多くの方は、保険会社の担当者が提示する金額を「プロが計算したものだから正しいのだろう」と信じてサインしてしまいます。しかし、保険会社が提示する金額は、裁判所が認める本来の基準(弁護士基準)よりも、大幅に低い金額であることがほとんどです。

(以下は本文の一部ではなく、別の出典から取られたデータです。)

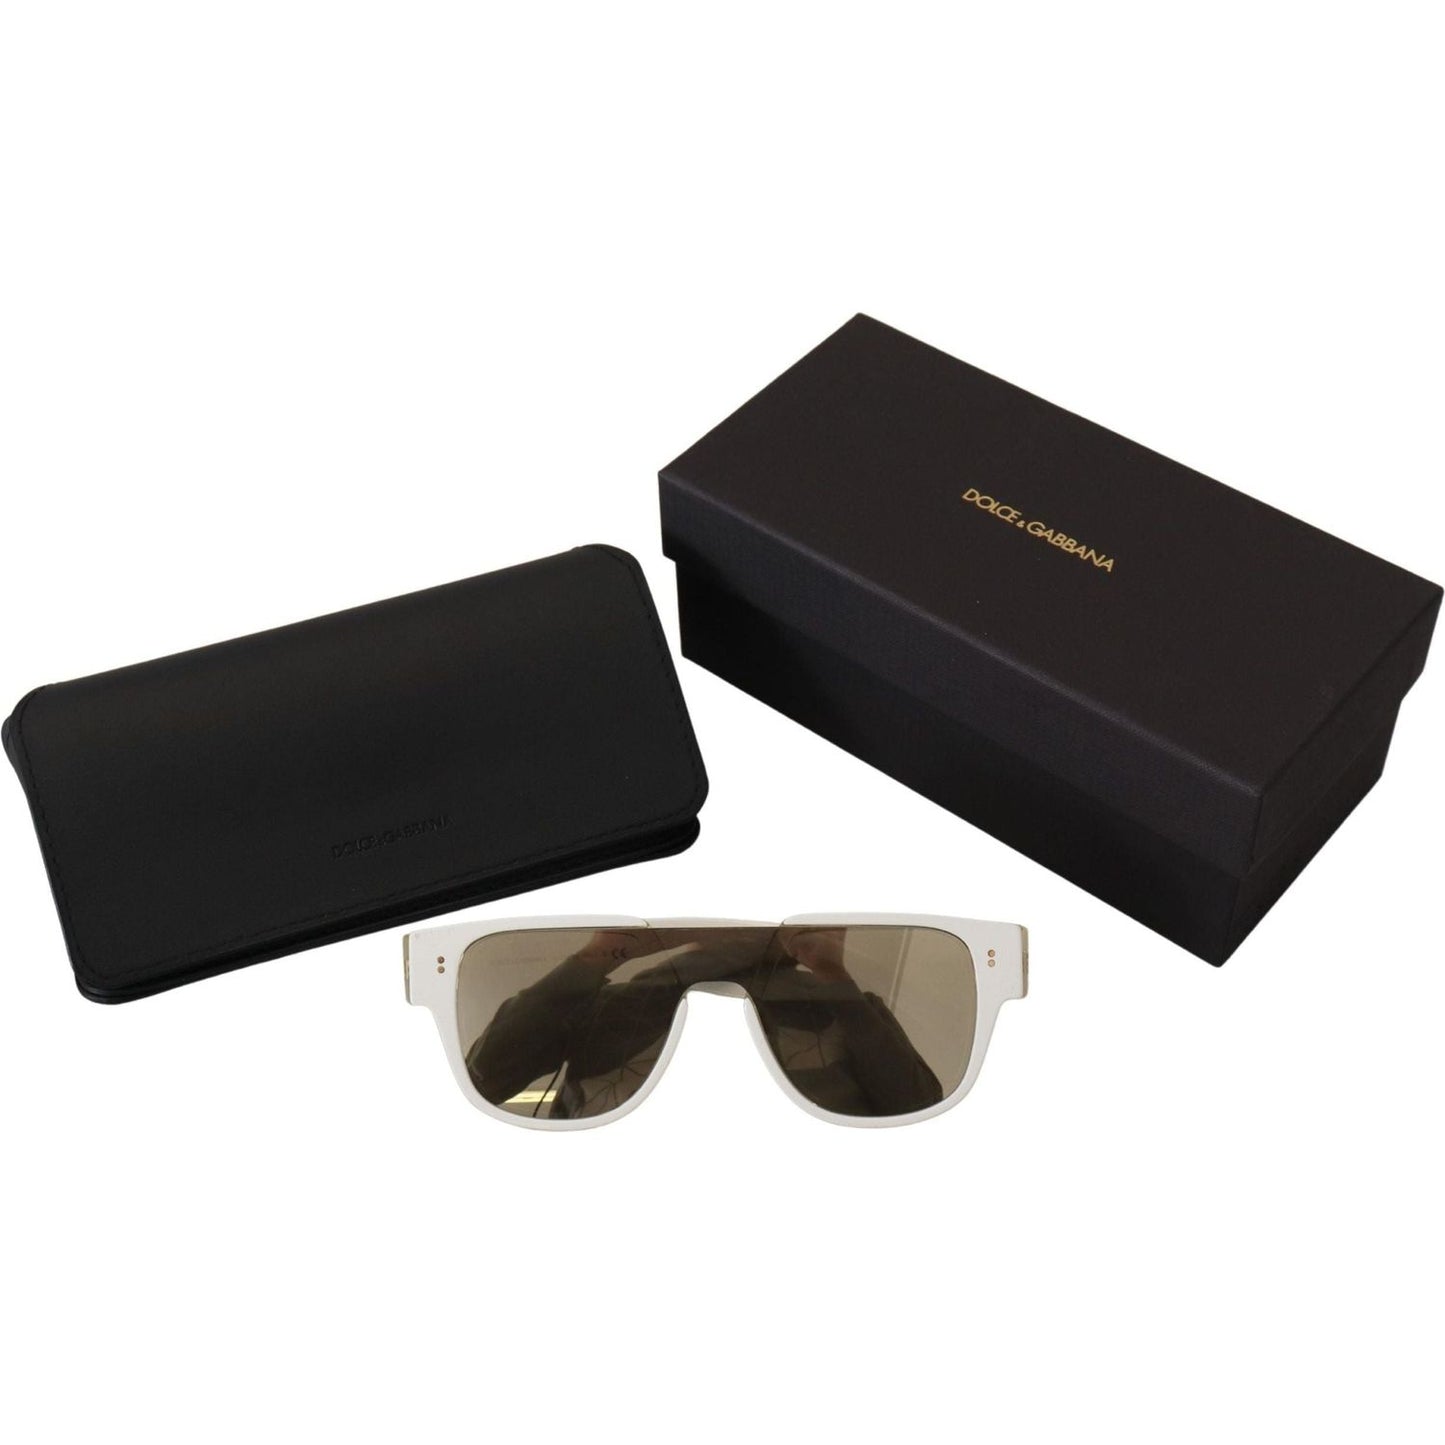 Dolce & Gabbana Elegant White Acetate Sunglasses for Women white-acetate-full-rim-frame-shades-dg4356f-sunglasses IMG_4045-scaled-902adc82-099.jpg

本コラムでは、堺東駅エリアで多数の交通事故案件を解決してきた弁護士が、「保険会社の提示額を鵜呑みにしてはいけない理由」と、「正当な賠償金(慰謝料・逸失利益)を獲得するための具体的なステップ」について、解説します。すでに事故に遭われ、初動対応についてはご存じの方(※初動対応については
目次
交通事故の賠償金には「3つの基準」がある
交通事故の損害賠償額(慰謝料など)には、実は3つの計算基準が存在します。どの基準を使って計算するかによって、受け取れる金額が2倍から3倍、場合によってはそれ以上も変わってくるのです。
① 自賠責保険基準(最低限の補償)
国が定めた強制保険である「自賠責保険」の基準です。これは、被害者に対する「最低限の救済」を目的としており、金額は3つの基準の中で最も低く設定されています。例えば、傷害部分(治療費や慰謝料など)の上限は120万円と決まっています。
② 任意保険基準(保険会社の社内基準)
各損害保険会社が独自に定めている支払基準です。あくまで保険会社の「社内ルール」であり、法的な拘束力はありません。自賠責基準よりは多少高いことが多いですが、後述する弁護士基準と比べると大幅に低い金額です。保険会社の担当者が「これが当社の最大限の提示です」「相場はこのくらいです」と言って提示してくる金額は、この基準に基づいています。
③ 弁護士基準(裁判基準)
過去の裁判例の積み重ねによって作られた、法的に正当と認められる基準です。弁護士が代理人として交渉する場合や、裁判になった場合に採用されます。3つの基準の中で最も金額が高く、これが被害者が本来受け取るべき「適正価格」です。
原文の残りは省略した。